You are right in that ceph-disk will insist in partitioning (and
labeling) things, so it will not work with lvm or anything similar to
a logical volume. Our current idea is to go ahead and support devices
as-is, but this is a bit more complicated (as you may be aware)
because systemd is tied to ceph-disk and they all rely on udev.

Would it be possible to know how did you handled the mounting of these
volumes? Was it editing fstab directly or some other way?

>
> The way we would use it with lvmcache would be, run our own Ansible role beforehand to prepare the physical disks with our lvmcache PVs, VG, LVs and hidden cached LVs, and then have ceph-ansible run something like this:
>
> ceph-disk prepare <vg/lv-data> <vg/lv-journal>
>
> where "vg/lv-data" is a cached device that has some small NVMe cache storage backed by a large spinning disk, and "vg/lv-journal" where the entire LV is on the NVMe device.

This is the path I want to go with and trying to gather information
before we go ahead implementing. My main concern is how to deal with
mounting while keeping systemd support.
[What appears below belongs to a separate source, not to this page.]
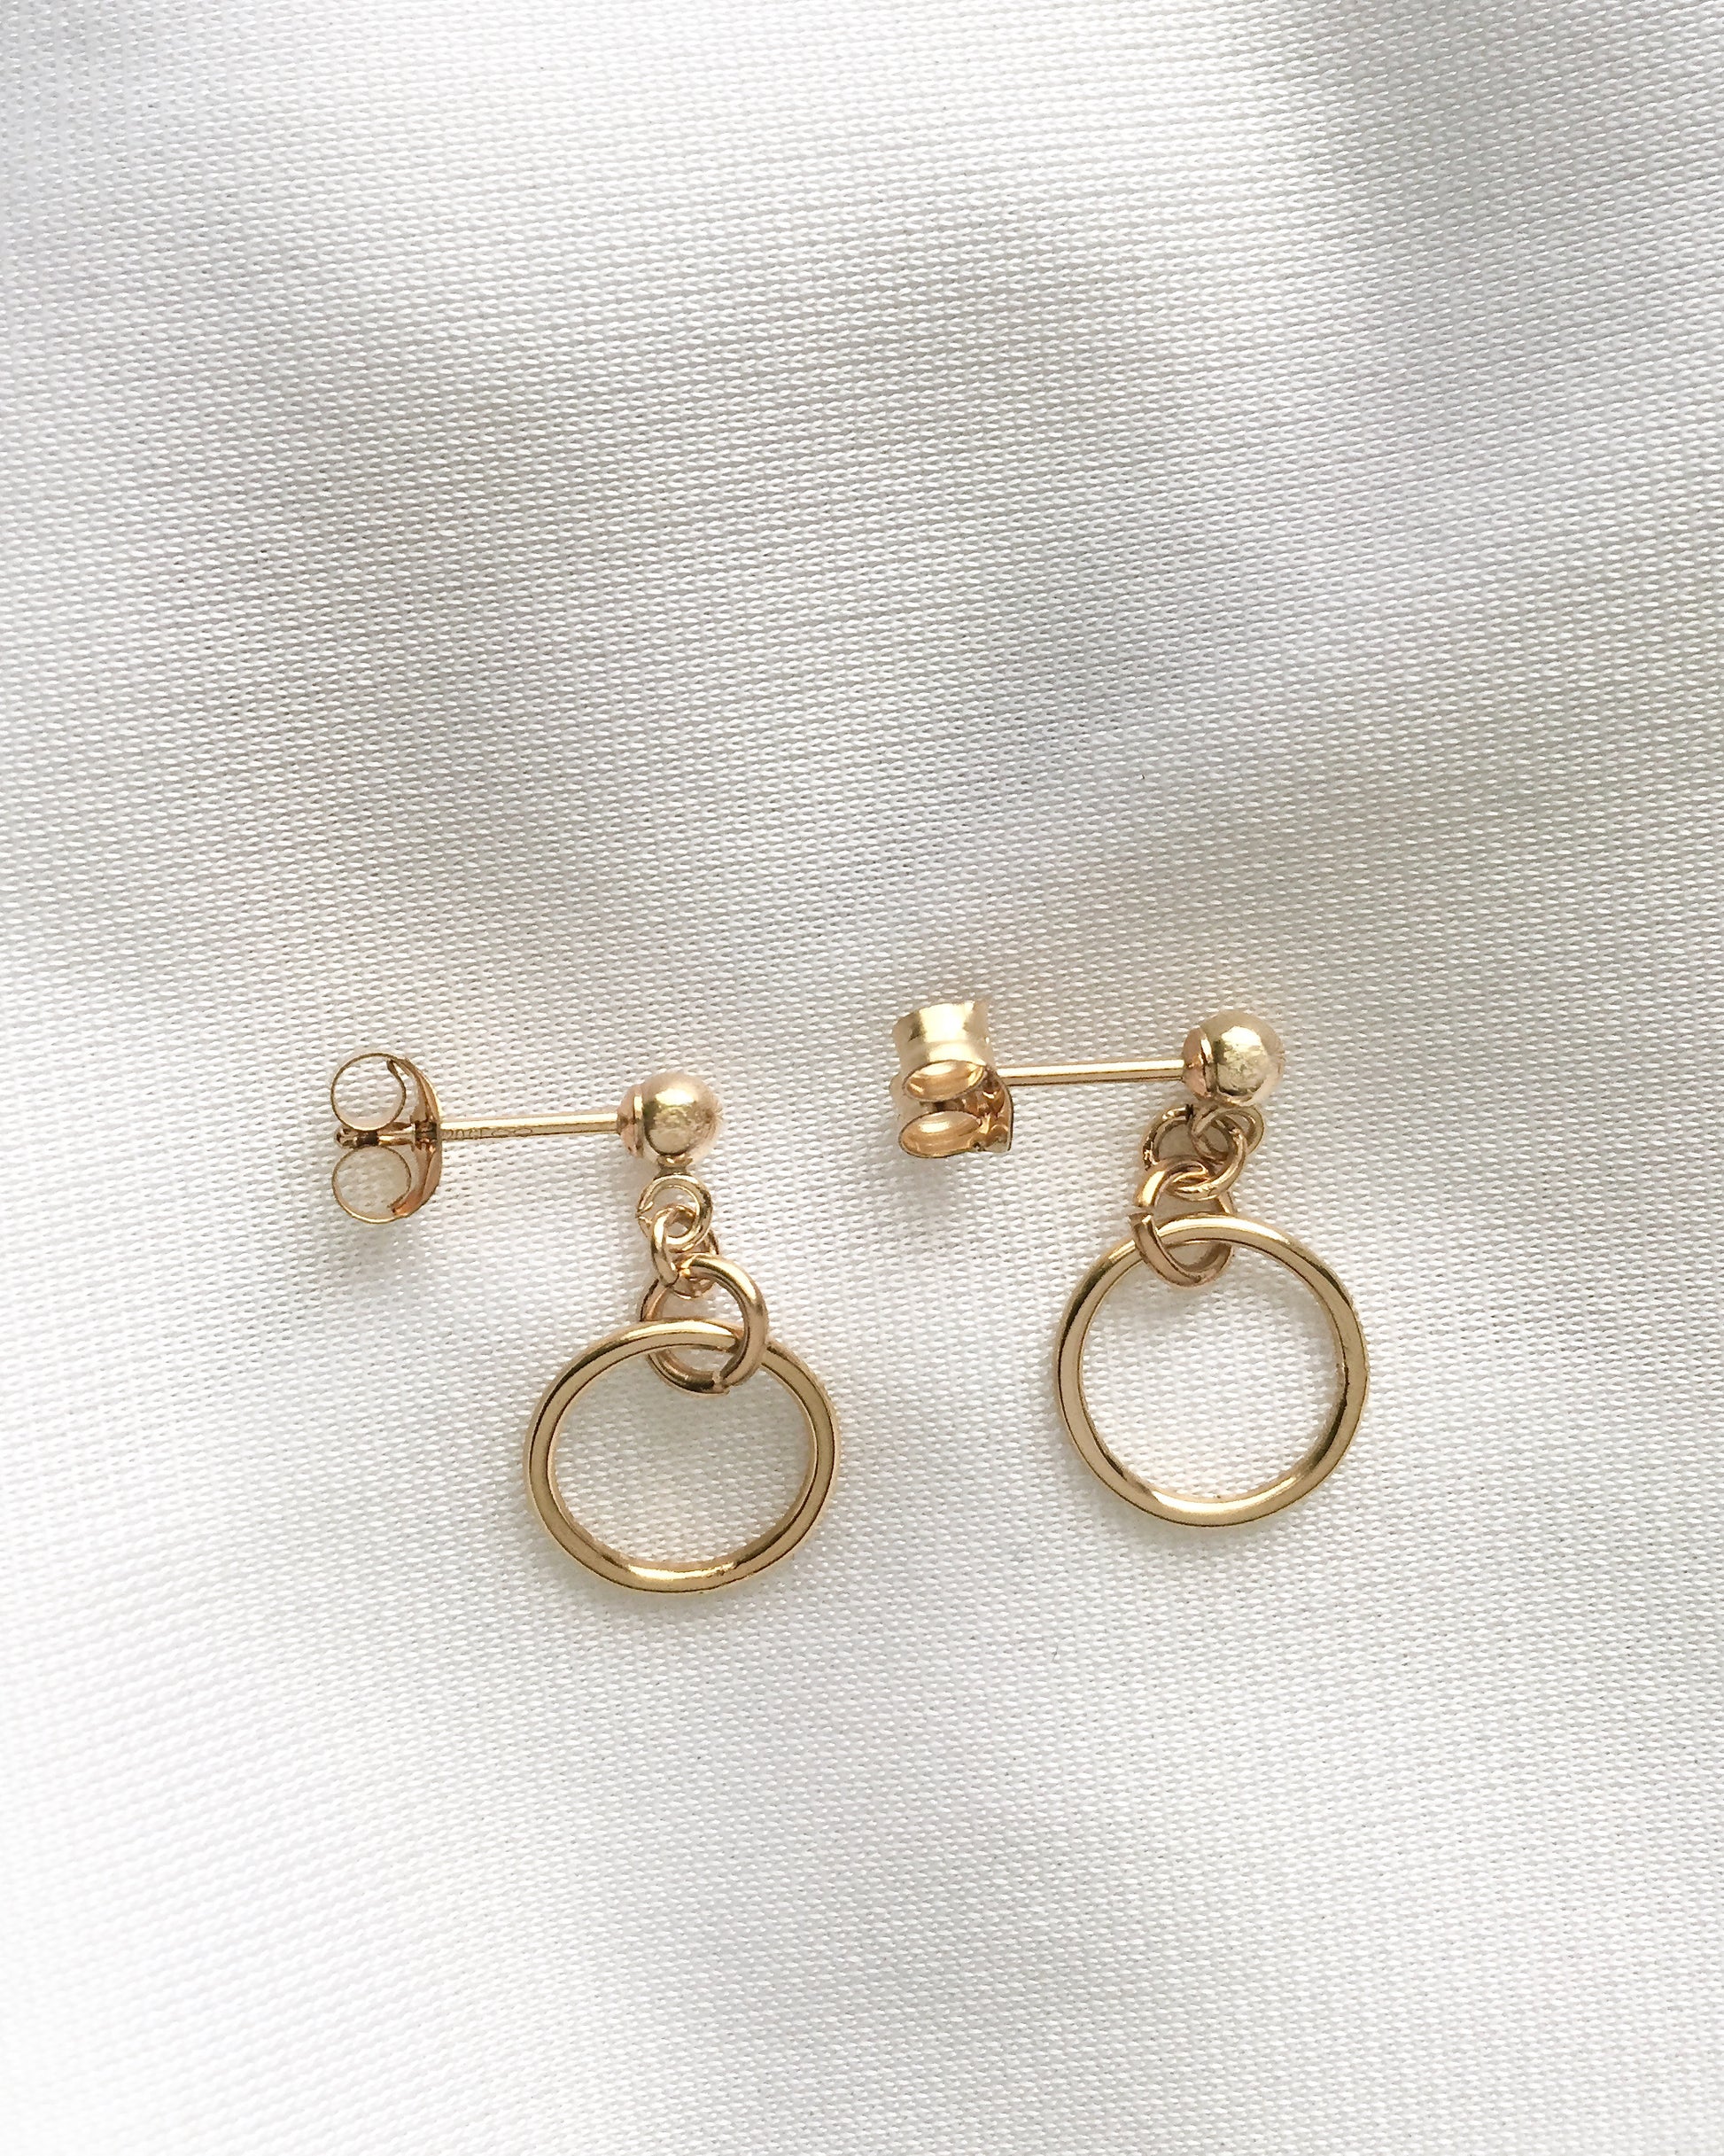 Dainty Open Circle Drop Earrings | Minimalist Everyday Earrings | IB Jewelry

Knowing a bit more of your
setup will help
validate my ideas/concerns

>
> We currently do this with the "osd directory" ceph-ansible scenario where our lvm Ansible role slices up the disks, creates a bunch of logical volumes, and formats and mounts XFS (prior to running ceph-ansible).  The down side is of course that we're forced to use file-based journals.  Even with the overhead of file-based journals the performance improvements vs. just normal NVMe journals is significant for our workloads.  The caching layer is smart enough to promote the journals into the faster storage tier, and deep scrubs do not get promoted because of the large, sequential IO requests that are automatically detected.
>
> I don't know if there might be potential support issues with making this generic, so at the very least it would be great if support for just LVM was added.  I can share my Ansible role for building out the lvmcache devices if anyone is interested or if it helps to understand our setup.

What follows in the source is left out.